Reproduce the entire listing exactly as written, apart from its pictures.

**INPUT DATA:**
- Opening Delimiter -
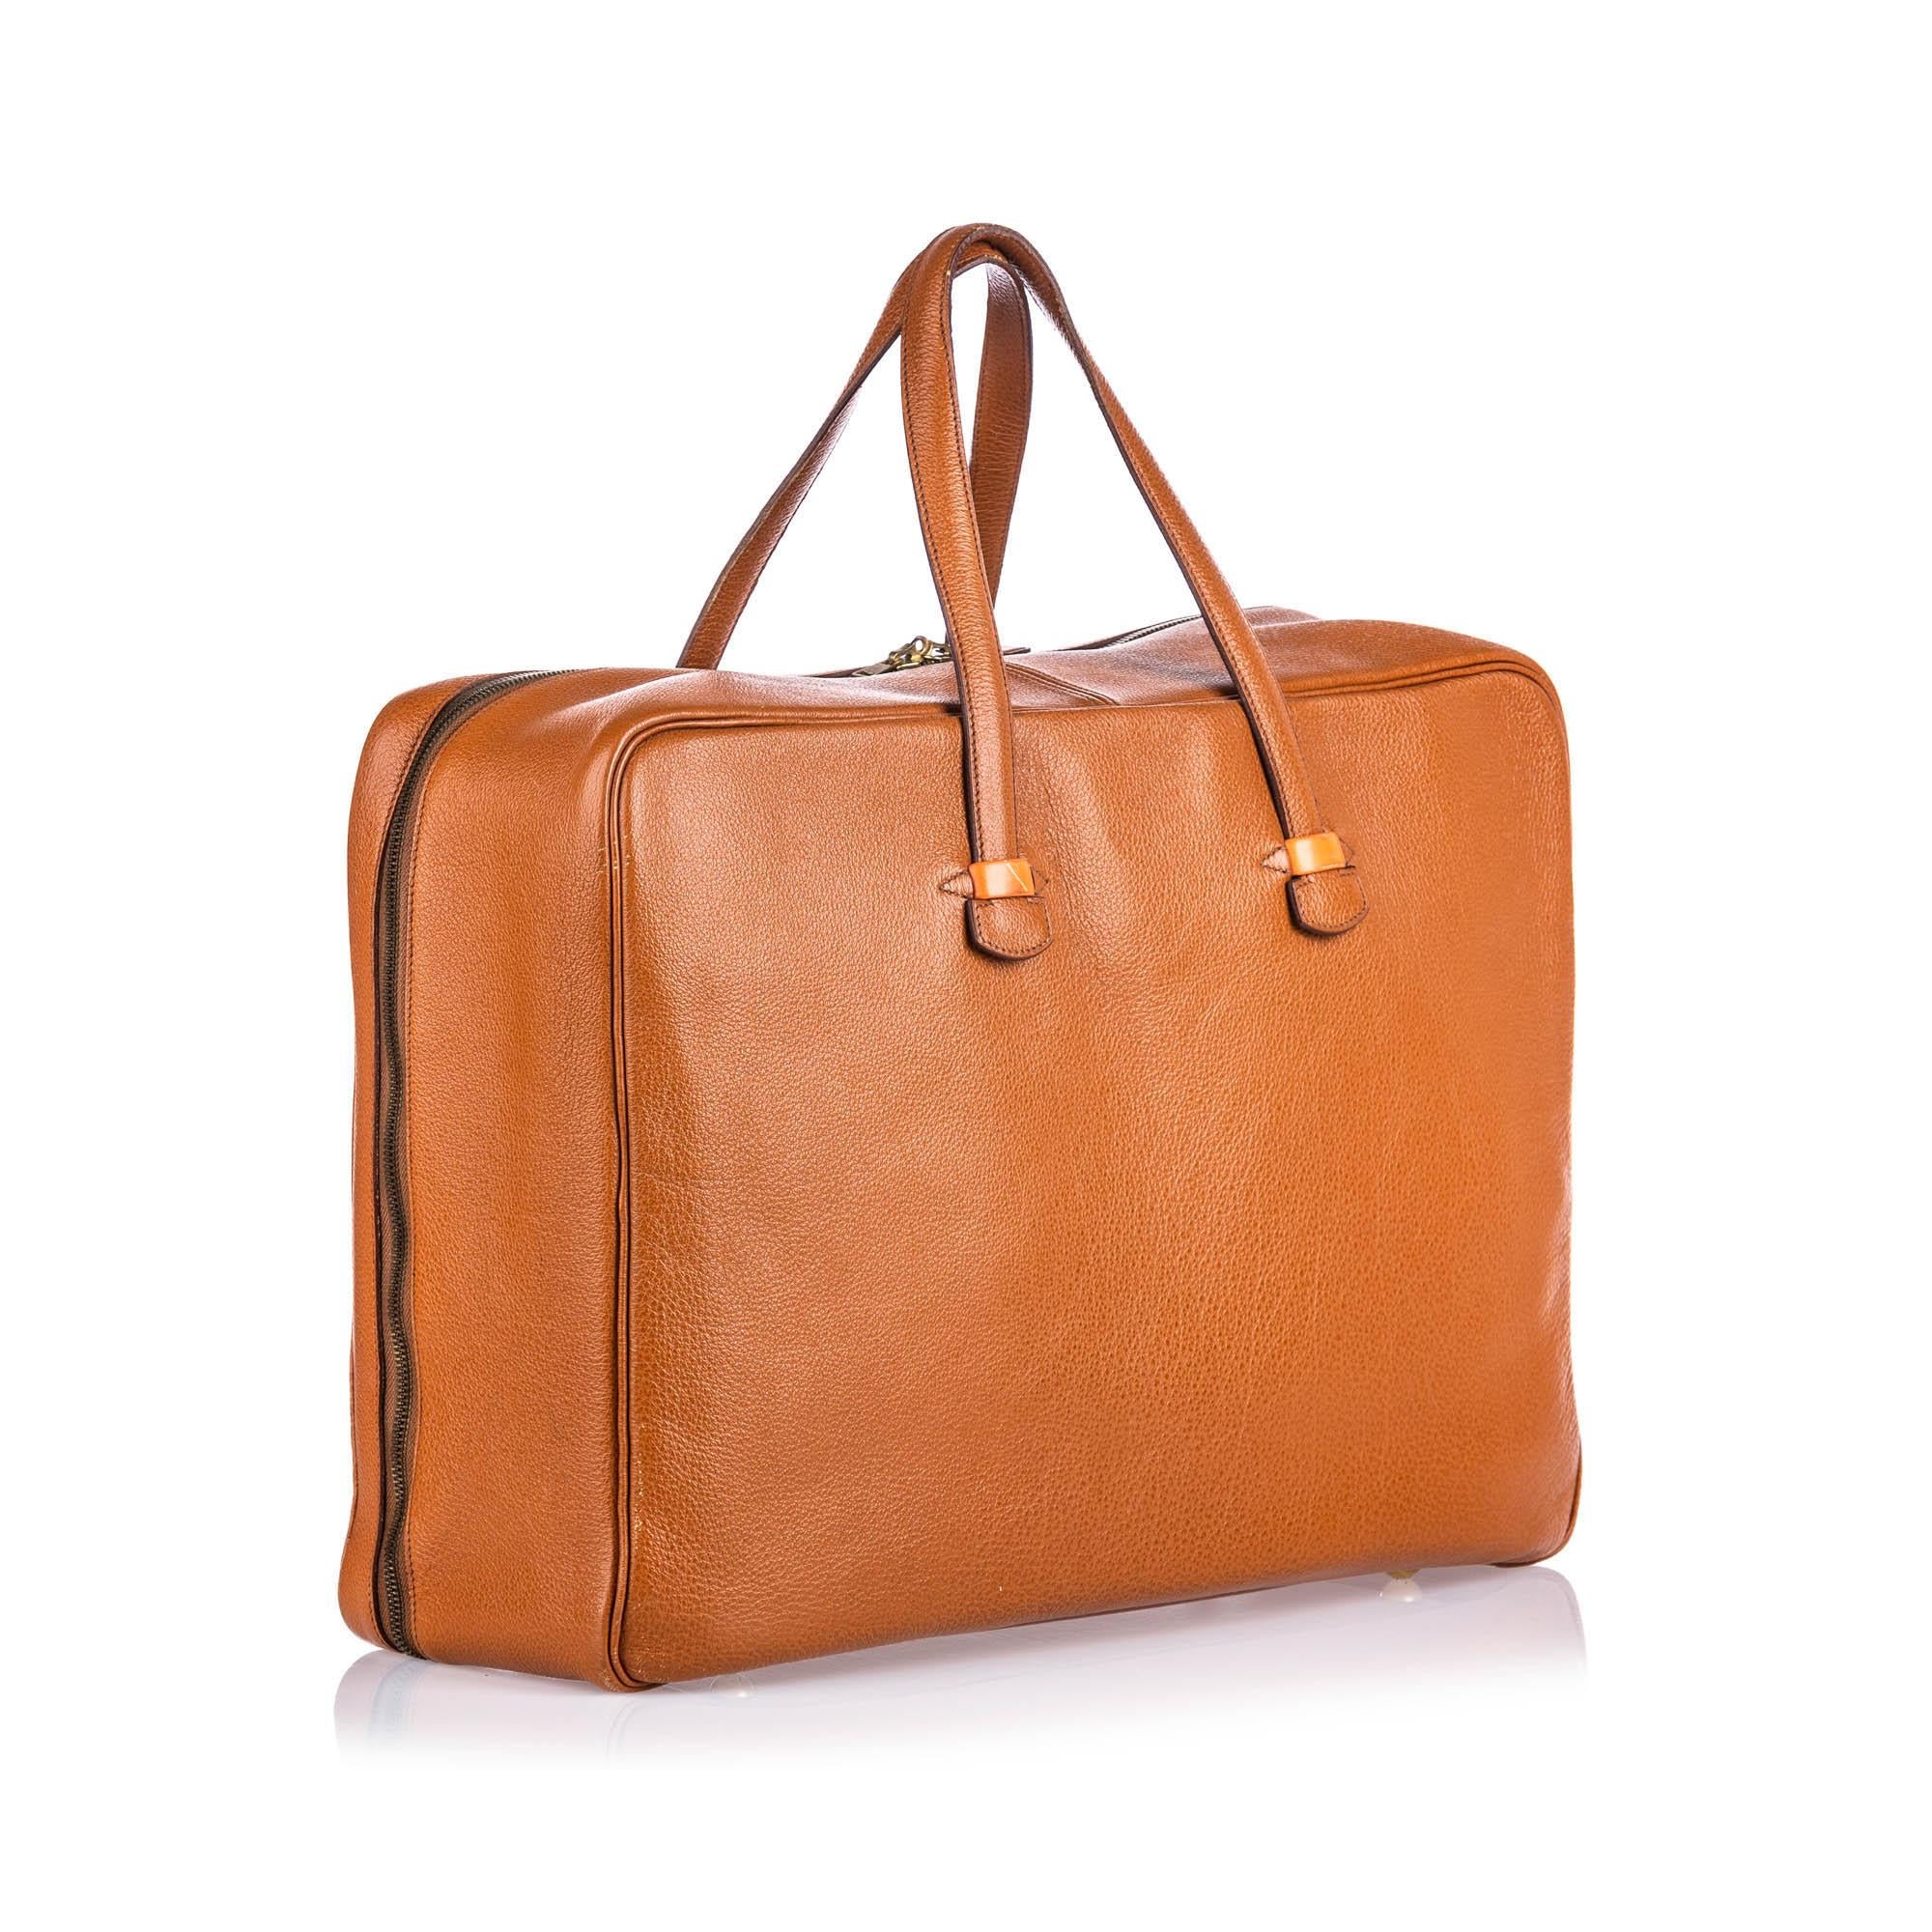 The Valise Galop 50 features a leather body, flat leather strap, a zip around closure, interior zip pocket, and an interior elastic straps. It carries as B+ condition rating.

Inclusions: 
This item does not come with
- Closing Delimiter -
**ANSWER FOR THE TASK:**
 The Valise Galop 50 features a leather body, flat leather strap, a zip around closure, interior zip pocket, and an interior elastic straps. It carries as B+ condition rating.

Inclusions: 
This item does not come with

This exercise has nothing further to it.